**Records from a collection:**

BEGIN

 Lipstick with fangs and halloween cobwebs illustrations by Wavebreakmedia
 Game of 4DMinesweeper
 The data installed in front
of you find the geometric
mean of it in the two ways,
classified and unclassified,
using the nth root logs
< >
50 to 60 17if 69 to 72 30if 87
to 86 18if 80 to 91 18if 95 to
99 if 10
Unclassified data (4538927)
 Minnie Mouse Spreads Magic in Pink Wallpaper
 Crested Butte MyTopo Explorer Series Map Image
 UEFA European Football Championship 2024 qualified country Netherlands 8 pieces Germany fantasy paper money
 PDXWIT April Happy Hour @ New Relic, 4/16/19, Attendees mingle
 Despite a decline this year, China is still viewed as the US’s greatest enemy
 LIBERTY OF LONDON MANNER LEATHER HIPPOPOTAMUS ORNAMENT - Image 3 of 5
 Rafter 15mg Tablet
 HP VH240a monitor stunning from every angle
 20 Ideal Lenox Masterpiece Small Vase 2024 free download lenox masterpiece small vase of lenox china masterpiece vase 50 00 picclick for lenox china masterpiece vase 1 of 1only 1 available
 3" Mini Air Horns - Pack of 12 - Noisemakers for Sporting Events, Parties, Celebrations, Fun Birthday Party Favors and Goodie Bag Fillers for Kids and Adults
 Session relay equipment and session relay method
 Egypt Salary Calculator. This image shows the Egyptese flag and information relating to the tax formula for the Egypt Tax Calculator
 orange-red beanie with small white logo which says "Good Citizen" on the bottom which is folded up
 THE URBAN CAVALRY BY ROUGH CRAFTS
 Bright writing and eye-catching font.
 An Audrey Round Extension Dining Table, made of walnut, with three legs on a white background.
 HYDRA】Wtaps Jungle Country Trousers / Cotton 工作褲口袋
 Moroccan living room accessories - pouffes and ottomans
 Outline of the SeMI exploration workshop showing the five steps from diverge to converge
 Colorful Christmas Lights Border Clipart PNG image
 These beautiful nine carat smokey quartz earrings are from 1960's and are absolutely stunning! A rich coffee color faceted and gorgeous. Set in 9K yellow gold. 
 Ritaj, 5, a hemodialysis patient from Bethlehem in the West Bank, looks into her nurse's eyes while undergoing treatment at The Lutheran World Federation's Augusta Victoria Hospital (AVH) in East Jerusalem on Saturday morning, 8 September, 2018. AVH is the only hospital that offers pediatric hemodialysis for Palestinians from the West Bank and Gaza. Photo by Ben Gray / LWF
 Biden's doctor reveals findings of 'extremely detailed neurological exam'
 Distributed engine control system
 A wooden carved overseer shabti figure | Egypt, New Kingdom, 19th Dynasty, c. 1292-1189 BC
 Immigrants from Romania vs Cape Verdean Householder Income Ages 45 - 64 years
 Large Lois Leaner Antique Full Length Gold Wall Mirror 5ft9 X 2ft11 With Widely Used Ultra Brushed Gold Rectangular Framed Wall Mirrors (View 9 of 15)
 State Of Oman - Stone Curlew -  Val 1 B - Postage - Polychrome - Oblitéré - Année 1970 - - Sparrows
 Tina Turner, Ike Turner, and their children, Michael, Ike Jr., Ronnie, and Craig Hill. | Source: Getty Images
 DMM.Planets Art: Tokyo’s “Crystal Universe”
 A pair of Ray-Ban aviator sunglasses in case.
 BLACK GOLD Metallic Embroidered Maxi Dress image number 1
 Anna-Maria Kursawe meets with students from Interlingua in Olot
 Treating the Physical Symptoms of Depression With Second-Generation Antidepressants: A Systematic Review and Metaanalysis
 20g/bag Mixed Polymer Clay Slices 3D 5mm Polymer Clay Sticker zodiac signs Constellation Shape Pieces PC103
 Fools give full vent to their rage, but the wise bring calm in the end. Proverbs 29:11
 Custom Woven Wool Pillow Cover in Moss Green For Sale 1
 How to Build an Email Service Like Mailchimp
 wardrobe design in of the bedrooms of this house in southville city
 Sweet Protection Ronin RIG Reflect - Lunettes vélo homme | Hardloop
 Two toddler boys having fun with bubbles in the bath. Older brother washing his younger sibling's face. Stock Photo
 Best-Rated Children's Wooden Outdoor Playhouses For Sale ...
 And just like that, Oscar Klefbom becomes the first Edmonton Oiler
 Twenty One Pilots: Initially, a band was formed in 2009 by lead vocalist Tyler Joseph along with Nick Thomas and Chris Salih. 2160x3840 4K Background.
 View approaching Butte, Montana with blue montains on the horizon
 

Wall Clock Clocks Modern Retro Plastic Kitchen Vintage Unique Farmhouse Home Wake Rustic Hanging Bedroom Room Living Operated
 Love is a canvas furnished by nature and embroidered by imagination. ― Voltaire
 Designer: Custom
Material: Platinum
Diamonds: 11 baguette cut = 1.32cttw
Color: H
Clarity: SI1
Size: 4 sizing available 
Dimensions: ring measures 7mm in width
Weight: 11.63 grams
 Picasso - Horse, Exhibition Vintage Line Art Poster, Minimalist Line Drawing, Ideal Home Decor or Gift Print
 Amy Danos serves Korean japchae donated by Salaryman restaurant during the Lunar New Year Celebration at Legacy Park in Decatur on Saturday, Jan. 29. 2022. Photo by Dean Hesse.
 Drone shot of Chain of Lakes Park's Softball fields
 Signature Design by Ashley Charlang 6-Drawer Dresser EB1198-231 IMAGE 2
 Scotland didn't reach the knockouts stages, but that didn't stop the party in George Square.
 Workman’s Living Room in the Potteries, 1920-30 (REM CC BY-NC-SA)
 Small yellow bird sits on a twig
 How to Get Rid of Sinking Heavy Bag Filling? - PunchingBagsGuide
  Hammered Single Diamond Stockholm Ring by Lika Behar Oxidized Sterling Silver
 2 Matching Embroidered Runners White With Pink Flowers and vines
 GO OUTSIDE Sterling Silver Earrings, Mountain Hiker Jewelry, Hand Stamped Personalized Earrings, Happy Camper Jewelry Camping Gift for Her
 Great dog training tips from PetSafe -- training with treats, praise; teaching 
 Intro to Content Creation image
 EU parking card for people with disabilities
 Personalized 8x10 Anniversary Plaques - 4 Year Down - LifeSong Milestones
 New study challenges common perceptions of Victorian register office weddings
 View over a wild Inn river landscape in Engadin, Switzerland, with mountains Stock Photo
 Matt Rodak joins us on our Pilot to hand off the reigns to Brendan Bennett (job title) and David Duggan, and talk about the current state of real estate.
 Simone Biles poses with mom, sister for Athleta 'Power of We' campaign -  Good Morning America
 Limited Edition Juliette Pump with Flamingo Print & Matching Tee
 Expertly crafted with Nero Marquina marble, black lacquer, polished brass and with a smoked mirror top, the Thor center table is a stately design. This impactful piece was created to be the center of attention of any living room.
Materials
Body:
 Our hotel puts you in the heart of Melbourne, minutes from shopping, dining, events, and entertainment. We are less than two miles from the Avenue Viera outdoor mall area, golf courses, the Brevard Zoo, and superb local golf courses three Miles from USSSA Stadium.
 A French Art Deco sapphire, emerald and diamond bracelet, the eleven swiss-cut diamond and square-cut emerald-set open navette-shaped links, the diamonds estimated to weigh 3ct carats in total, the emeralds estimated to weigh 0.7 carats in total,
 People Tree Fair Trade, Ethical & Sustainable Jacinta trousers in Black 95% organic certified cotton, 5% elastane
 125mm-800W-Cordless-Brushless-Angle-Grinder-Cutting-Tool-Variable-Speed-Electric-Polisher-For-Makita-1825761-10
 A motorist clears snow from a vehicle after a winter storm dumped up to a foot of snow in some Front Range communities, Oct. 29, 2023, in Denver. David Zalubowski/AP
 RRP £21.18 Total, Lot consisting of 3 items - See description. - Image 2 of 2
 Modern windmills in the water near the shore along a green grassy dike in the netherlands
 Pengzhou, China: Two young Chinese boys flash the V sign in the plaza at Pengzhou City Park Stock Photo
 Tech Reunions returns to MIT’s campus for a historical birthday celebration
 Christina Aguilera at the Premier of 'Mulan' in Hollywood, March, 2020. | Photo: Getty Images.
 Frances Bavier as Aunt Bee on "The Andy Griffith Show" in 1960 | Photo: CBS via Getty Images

END

Set down precisely the lines above between the line holding "Size: 4 sizing available" and the line holding "Matt Rodak joins", inclusive, and nothing beyond them.

**OUTPUT FOR THIS EXERCISE:**
Size: 4 sizing available 
Dimensions: ring measures 7mm in width
Weight: 11.63 grams
 Picasso - Horse, Exhibition Vintage Line Art Poster, Minimalist Line Drawing, Ideal Home Decor or Gift Print
 Amy Danos serves Korean japchae donated by Salaryman restaurant during the Lunar New Year Celebration at Legacy Park in Decatur on Saturday, Jan. 29. 2022. Photo by Dean Hesse.
 Drone shot of Chain of Lakes Park's Softball fields
 Signature Design by Ashley Charlang 6-Drawer Dresser EB1198-231 IMAGE 2
 Scotland didn't reach the knockouts stages, but that didn't stop the party in George Square.
 Workman’s Living Room in the Potteries, 1920-30 (REM CC BY-NC-SA)
 Small yellow bird sits on a twig
 How to Get Rid of Sinking Heavy Bag Filling? - PunchingBagsGuide
  Hammered Single Diamond Stockholm Ring by Lika Behar Oxidized Sterling Silver
 2 Matching Embroidered Runners White With Pink Flowers and vines
 GO OUTSIDE Sterling Silver Earrings, Mountain Hiker Jewelry, Hand Stamped Personalized Earrings, Happy Camper Jewelry Camping Gift for Her
 Great dog training tips from PetSafe -- training with treats, praise; teaching 
 Intro to Content Creation image
 EU parking card for people with disabilities
 Personalized 8x10 Anniversary Plaques - 4 Year Down - LifeSong Milestones
 New study challenges common perceptions of Victorian register office weddings
 View over a wild Inn river landscape in Engadin, Switzerland, with mountains Stock Photo
 Matt Rodak joins us on our Pilot to hand off the reigns to Brendan Bennett (job title) and David Duggan, and talk about the current state of real estate.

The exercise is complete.